----- DATASET RECORDS
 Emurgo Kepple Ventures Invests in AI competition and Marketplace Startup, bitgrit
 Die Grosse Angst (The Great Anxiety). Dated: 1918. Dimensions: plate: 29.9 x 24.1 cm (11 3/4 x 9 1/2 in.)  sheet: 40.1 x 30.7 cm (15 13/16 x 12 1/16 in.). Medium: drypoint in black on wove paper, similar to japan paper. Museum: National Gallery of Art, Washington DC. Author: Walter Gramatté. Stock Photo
----------
----- DATASET RECORDS
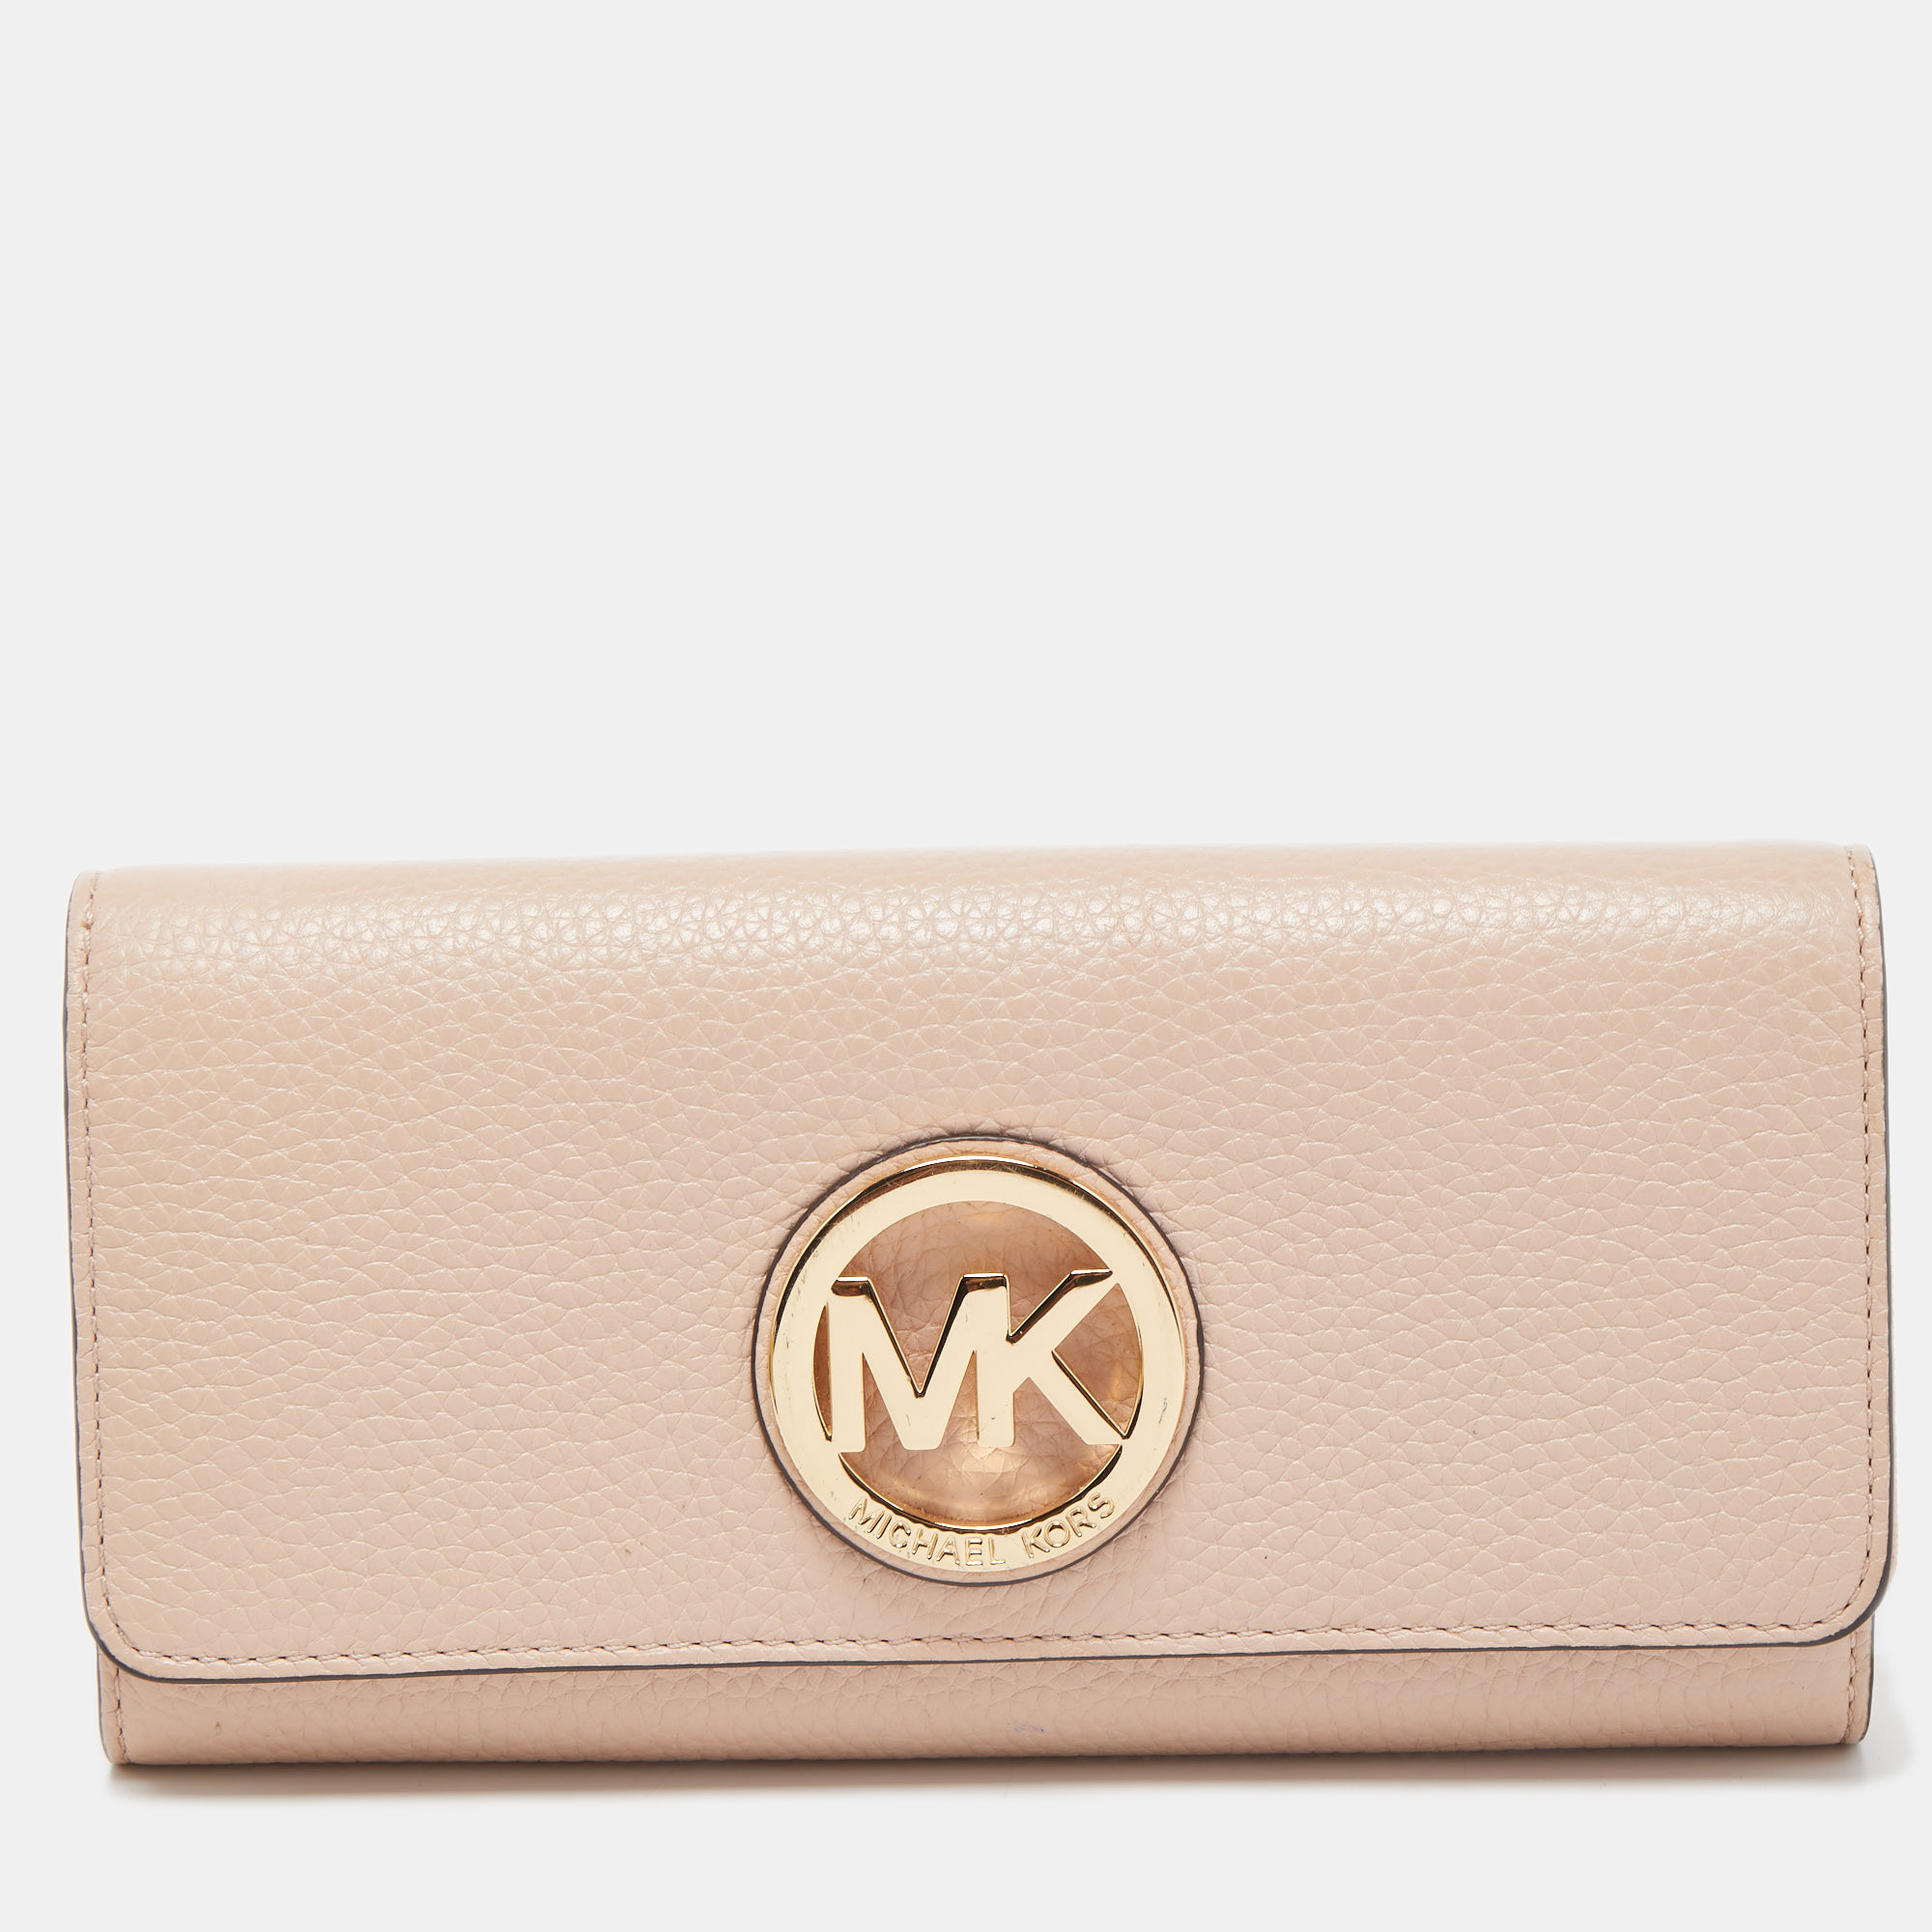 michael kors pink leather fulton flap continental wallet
----------
REQUIREMENT |
Beginning with the line above that contains "Emurgo Kepple Ventures", copy each line exactly up to and including the line that contains "Die Grosse Angst", and go no further.

WRITTEN ANSWER |
 Emurgo Kepple Ventures Invests in AI competition and Marketplace Startup, bitgrit
 Die Grosse Angst (The Great Anxiety). Dated: 1918. Dimensions: plate: 29.9 x 24.1 cm (11 3/4 x 9 1/2 in.)  sheet: 40.1 x 30.7 cm (15 13/16 x 12 1/16 in.). Medium: drypoint in black on wove paper, similar to japan paper. Museum: National Gallery of Art, Washington DC. Author: Walter Gramatté. Stock Photo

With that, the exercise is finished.